If you are one of the many who has never given estate planning a whole lot of thought the term probably conjures images in your mind of the classic estate planning document that you hear people talk about in the old movies: the “last will and testament.” Most people are aware of the fact that these documents are used to elucidate your wishes with regard to the distribution of your assets after death. Traditionally the “will” was used to distribute real property, and the “testament” was used to articulate the desired distribution of personal property, but at this point the single term “will” generally suffices.
There is however another commonly recommended type of will called the living will. Unlike the standard last will and testament the wishes that are communicated in a living will come into play while the testator is still alive. Through the execution of a living will you state your preferences with regard to the types of medical procedures that you would be willing to accept those that you would prefer to refuse if you were to fall into a medical condition that precluded your ability to communicate your decisions in real time.

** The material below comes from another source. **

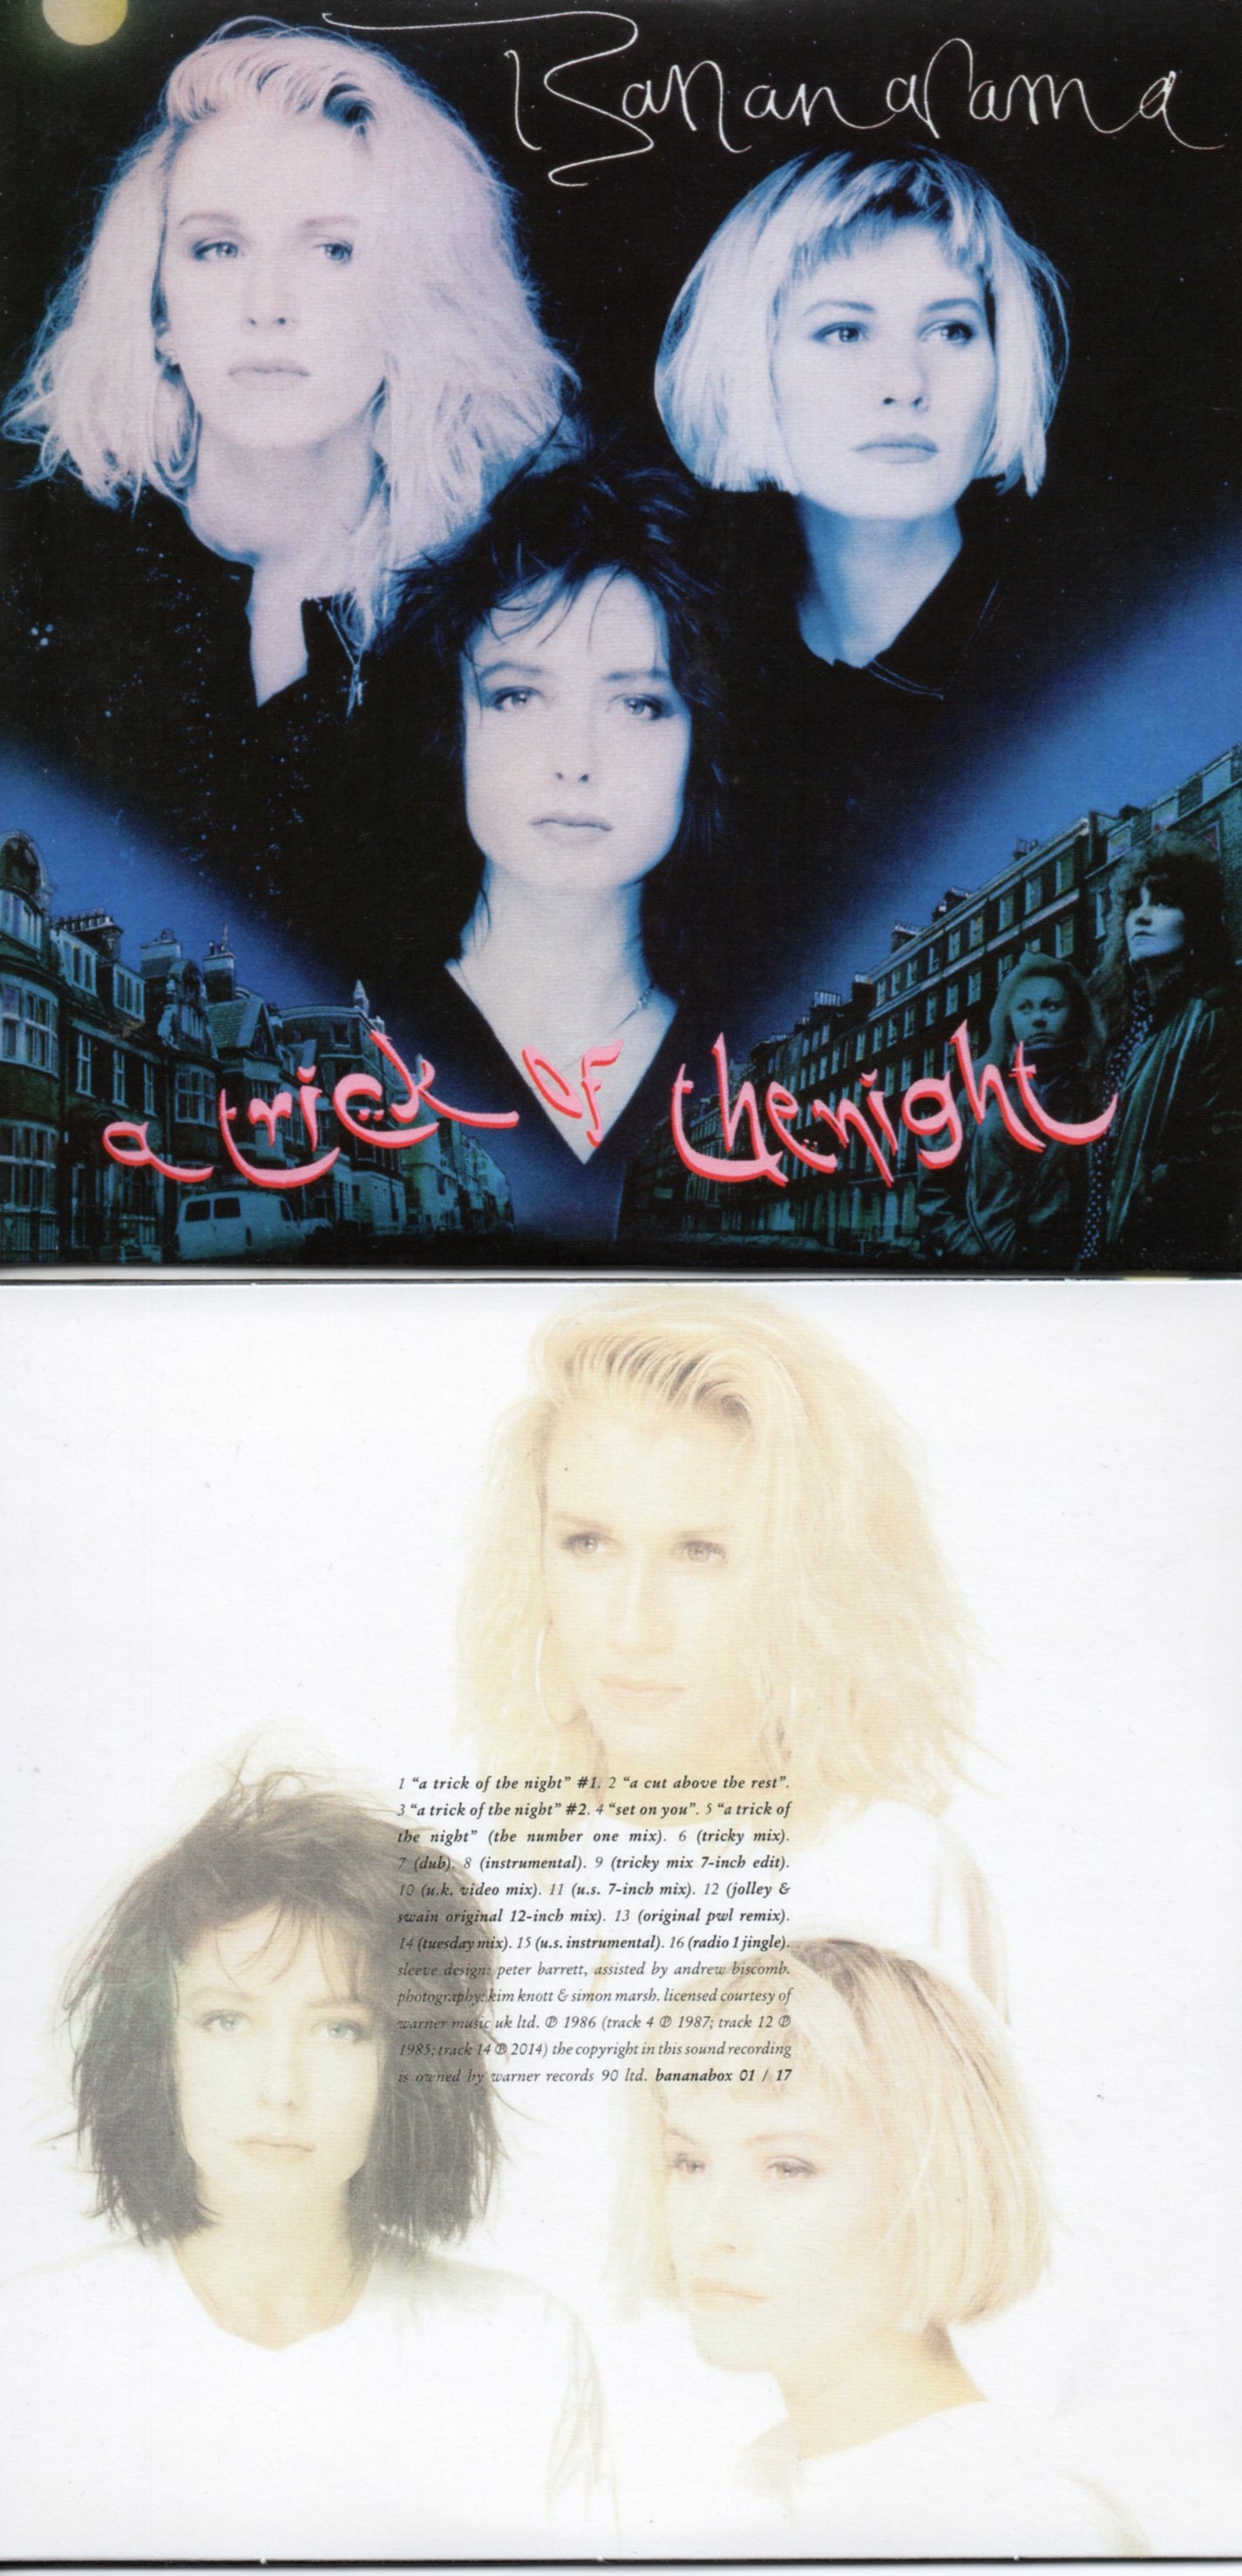 BANANARAMA - A TRICK OF THE NIGHT (1986) 16-TRACK CARD SLEEVE - CD single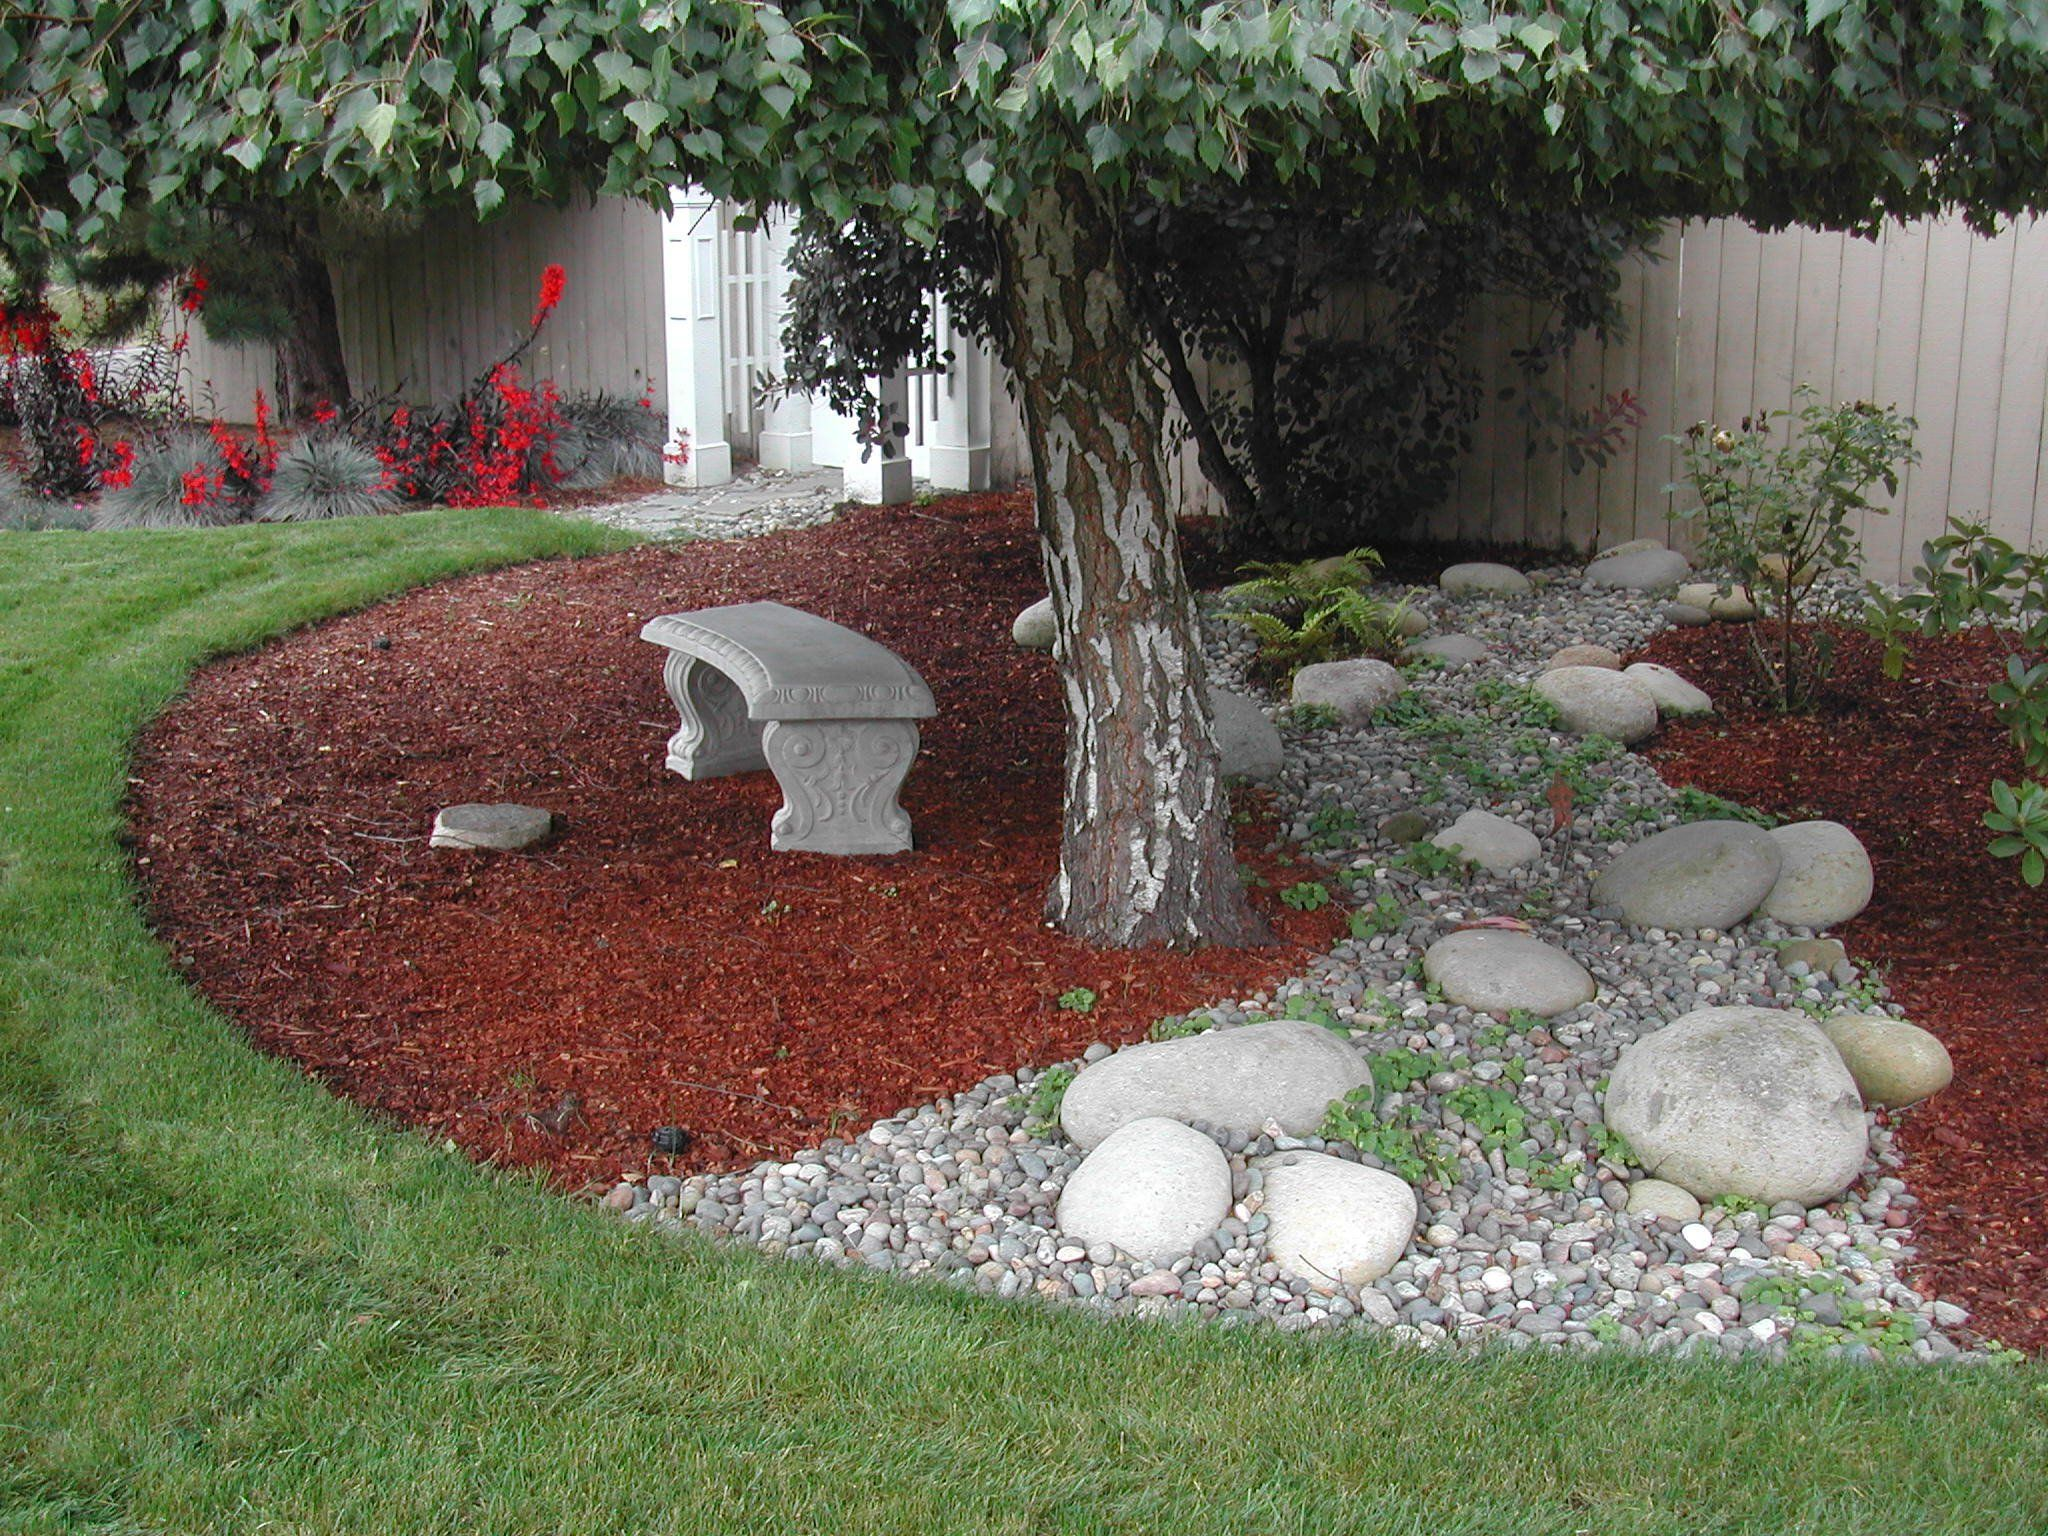 tree bark in landscape design garden and outdoors pinterest

The issue of whether or not you want to be kept alive through the use of artificial means if you were to fall into a terminal or persistent vegetative condition is at the core of many living wills. However you can be as specific and detailed as you would like to be with the document, and it could be argued that the execution of such an advance health care directive is truly a must for adults of all ages.
You never know what the future holds and accidents and sudden illnesses can befall people in the blink of an eye. If your wishes are not known your family members can find themselves in an excruciating position, disagreements can arise at the worst possible time, and your treatment may not proceed in the matter that you have chosen had you taken the time to state your preferences.